Convenons qu’il existe d’importantes similitudes entre innovation technologique et
innovation sociale. Premièrement, toute innovation implique un processus non
linéaire qui fait appel à l’engagement de plusieurs acteurs dans une démarche de
résolution de problèmes, corollaire de l’existence d’une pression externe.

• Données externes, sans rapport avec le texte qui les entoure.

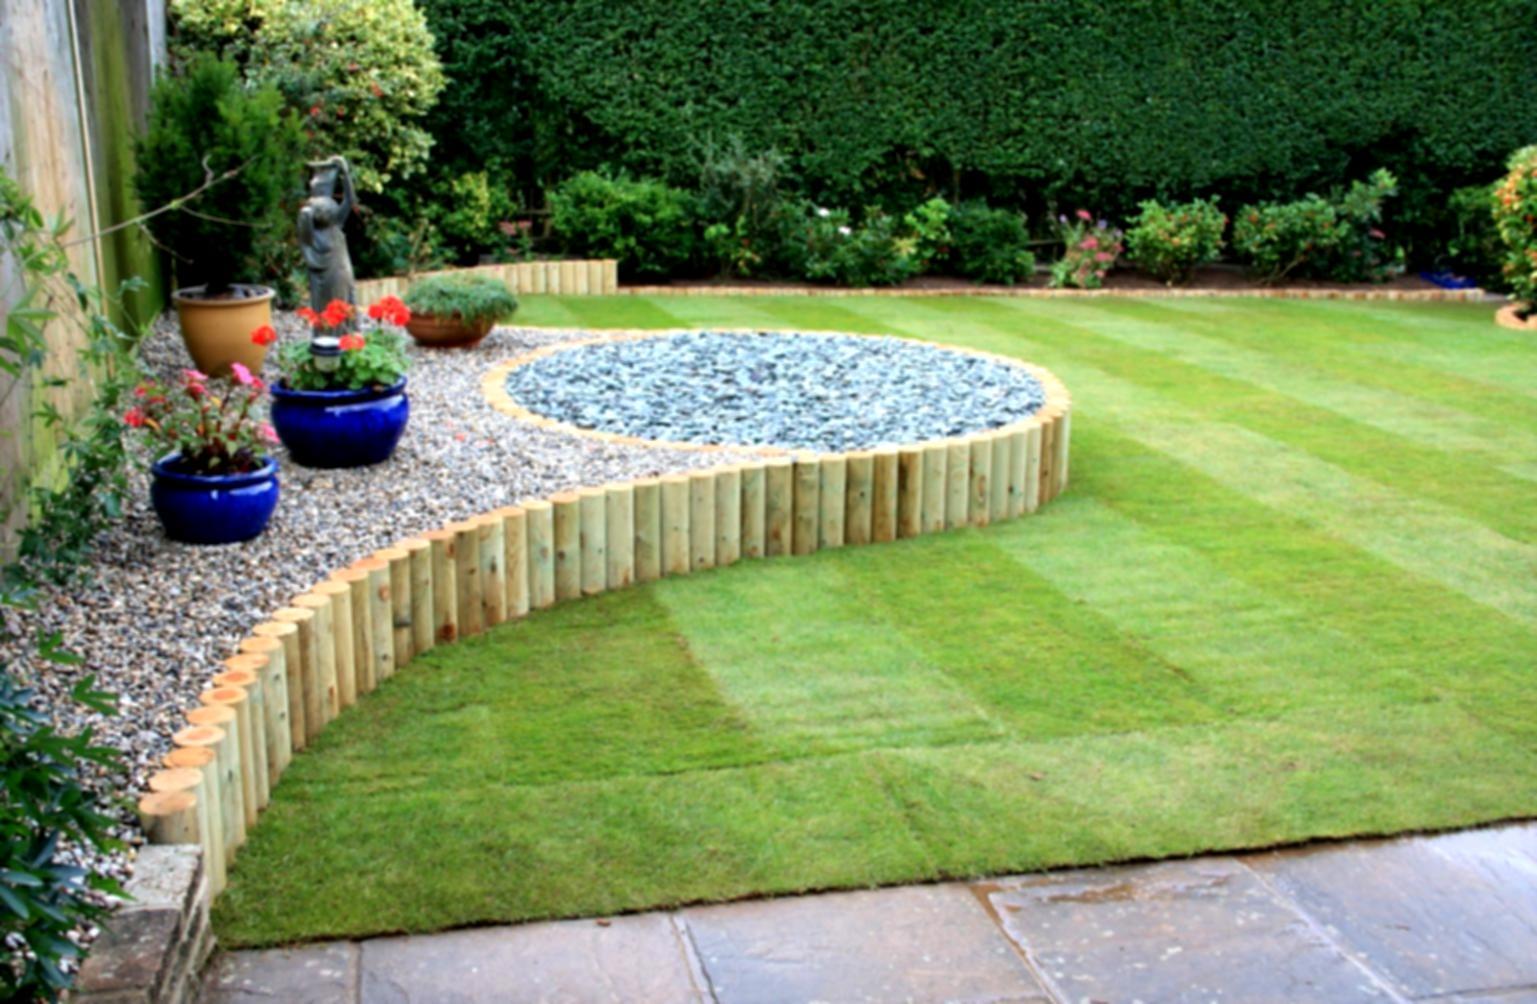 Landscape ideas for the backyard simple design landscaping idea basic garden shed ZBDJMSZ
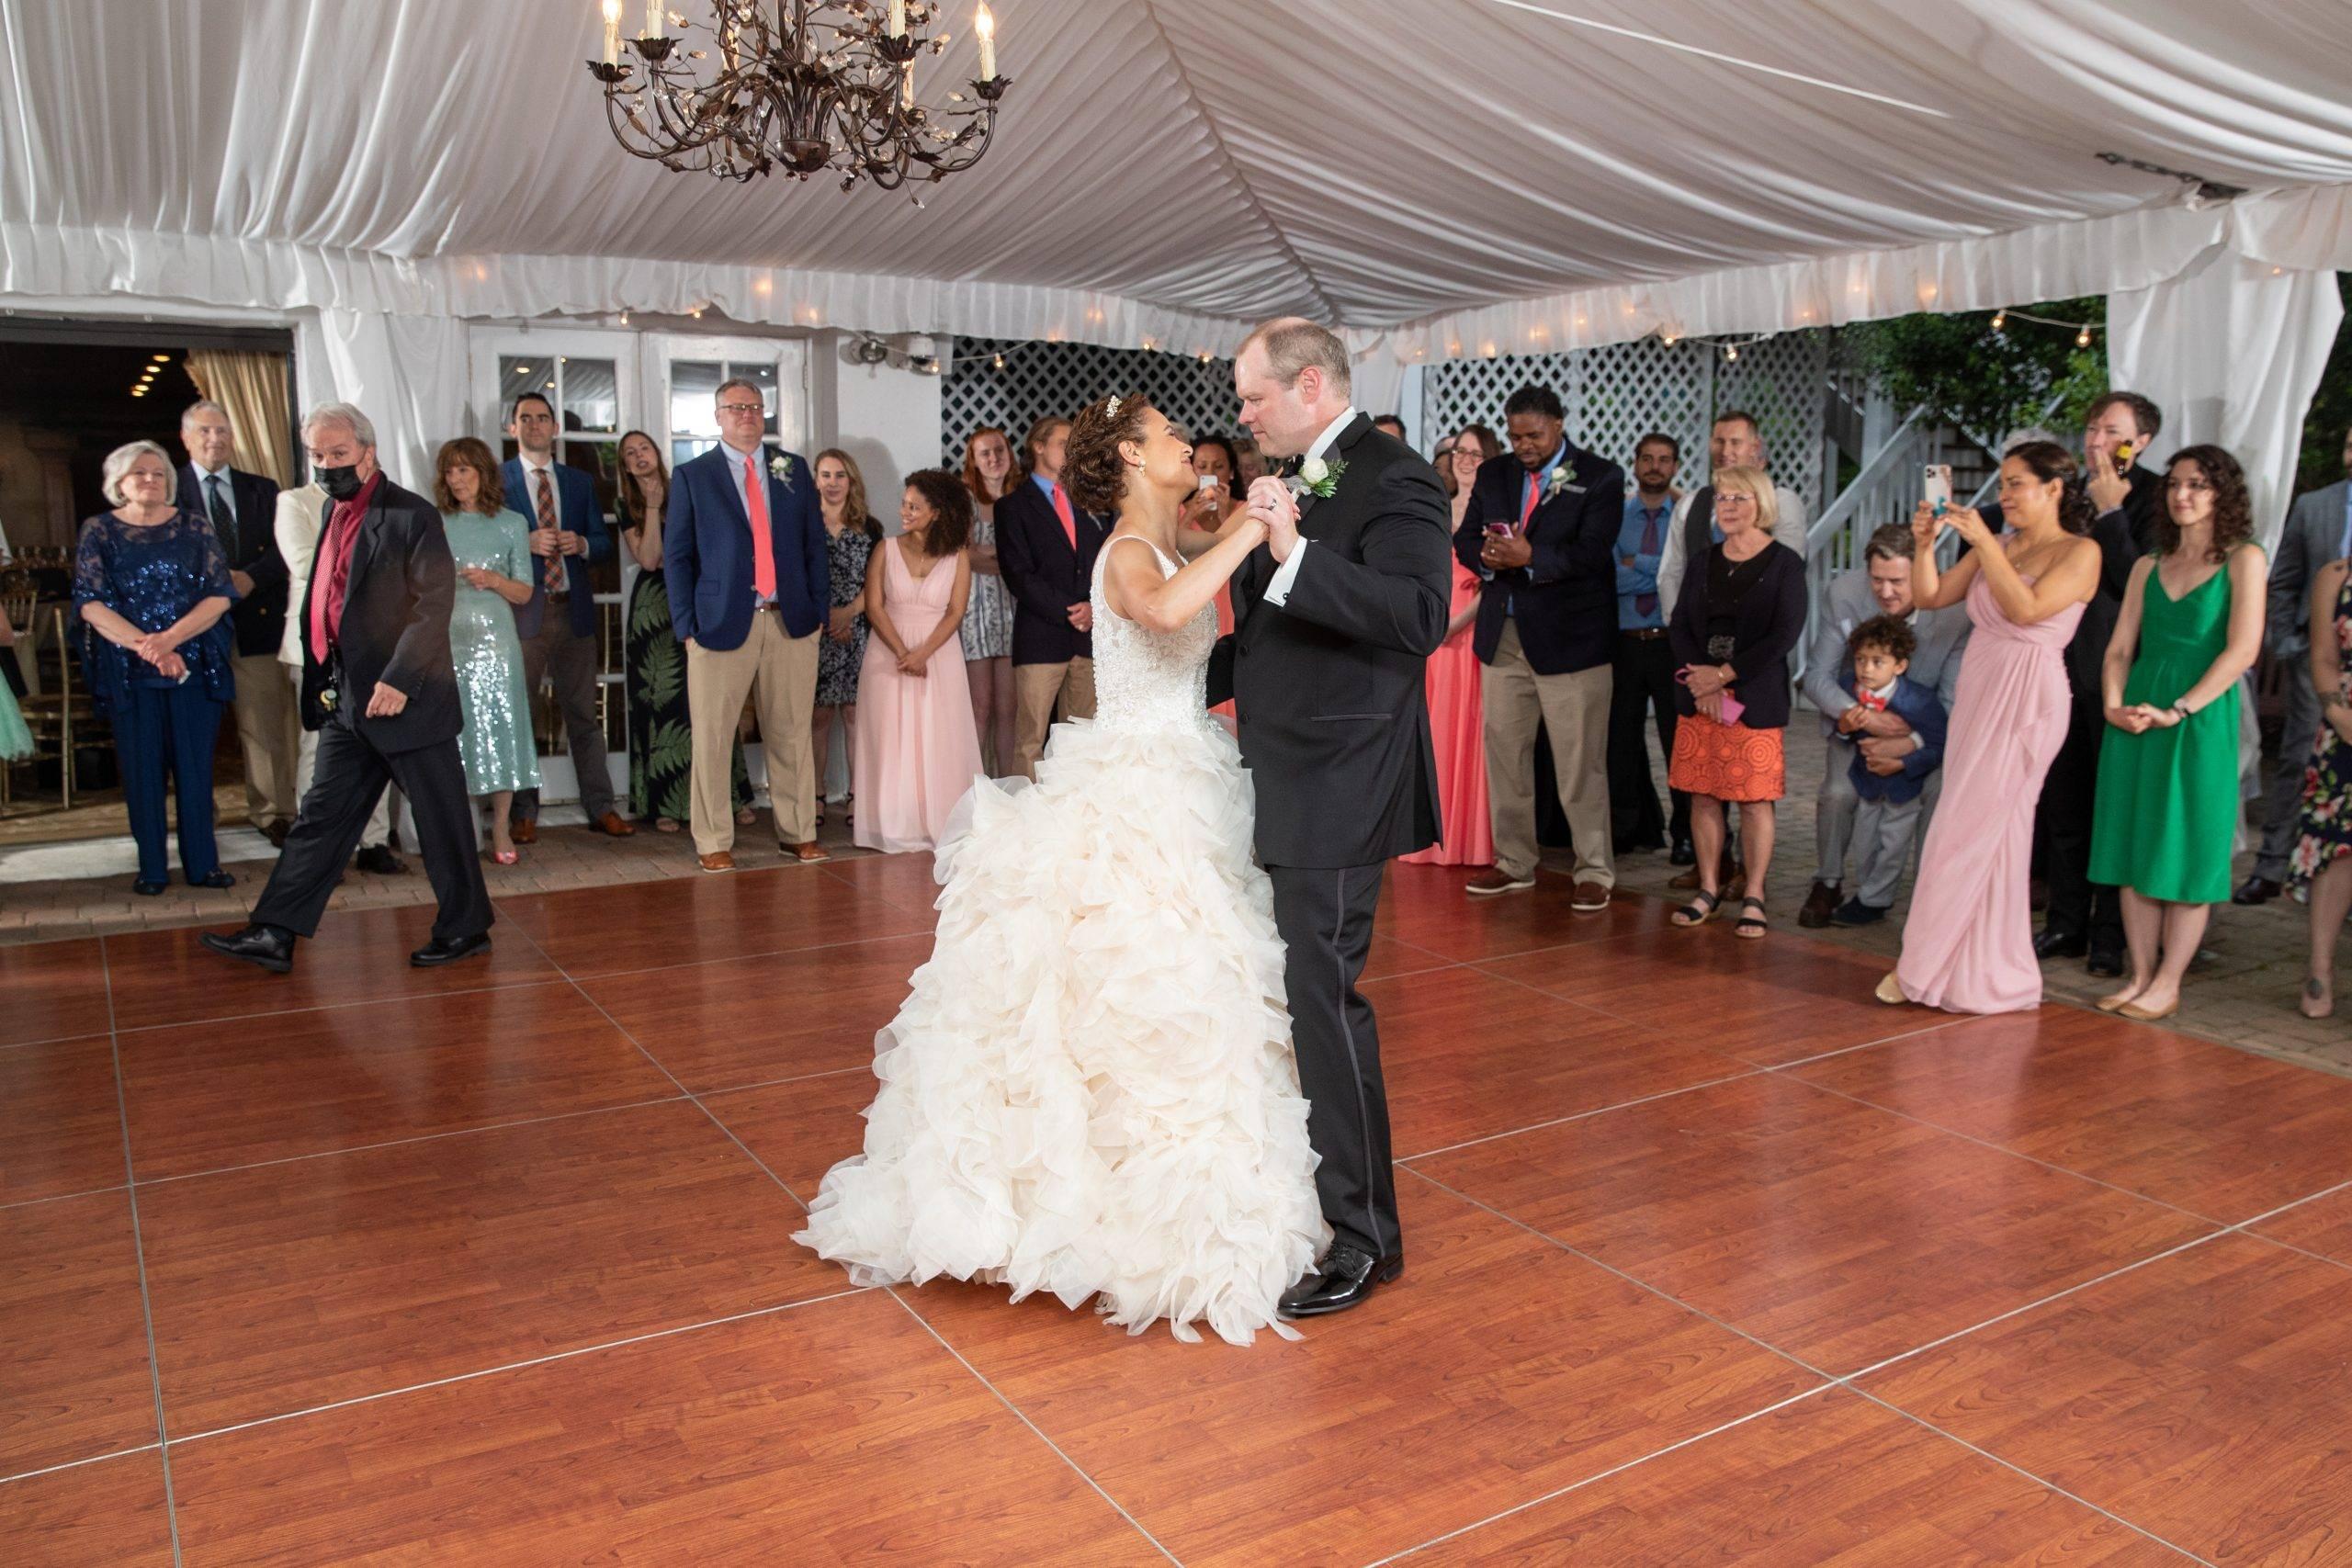 Olde Mill Inn wedding couple dancing

Deuxièmement, la démarche conduit à la définition d’une approche, à la conception
d’un produit ou d’un service nouveau ou alternatif, en rupture avec l’état actuel des
choses. Et finalement, pour que la solution nouvelle au problème devienne
innovation, elle doit faire l’objet d’une diffusion et surtout trouver utilisateur ou
promoteur.
Sur le plan de la complémentarité, on ne peut plus sous-estimer le poids des
impératifs de nature sociale, psychosociale, organisationnelle, économique, politique
etc., dans la mise en forme des innovations technologiques. Or, l’appréhension et la
prise en compte des variables d’implantation et d’adéquation, et surtout leur
agencement original, peuvent être en soi une innovation « non-technologique ». Les
exemples sont nombreux et nous disposons de plus en plus de données empiriques,
notamment sur le rapport entre les sommes investies en technologies et les coûts de
gestion du changement au niveau organisationnel. Je lisais récemment un entretien
d’un chercheur du Massachusetts Institute of Technology 8, dans lequel il estime que
pour chaque dollar investi dans l’acquisition de technologies, les entreprises doivent
s’attendre à consacrer quelque neuf dollars au développement de leur capital
organisationnel.
Là où innovation sociale et innovation technologique se distinguent, c’est dans leur
milieu d’origine. L’innovation technologique découle très largement de l’action menée
en matière de recherche et développement industriel ou de la recherche académique
dans le domaine de la santé, des sciences naturelles et du génie. L’innovation
sociale émerge plus souvent d’initiatives citoyennes et, en amont ou en aval, des
retombées de la recherche en sciences sociales et humaines, voire en arts et en
lettres.
Les deux types d’innovation se distinguent également par leur lieu premier
d’implantation. L’innovation pour le secteur privé continue d’être d’abord, mais pas
exclusivement, technologique, puisqu’il s’agit très souvent de produits
commercialisables ou de procédés industriels. À l’opposé, l’innovation pour le
secteur public et le secteur tertiaire demeure surtout, mais non de façon exclusive,
sociale, puisqu’il s’agit avant tout de services (interventions, approches, pratiques).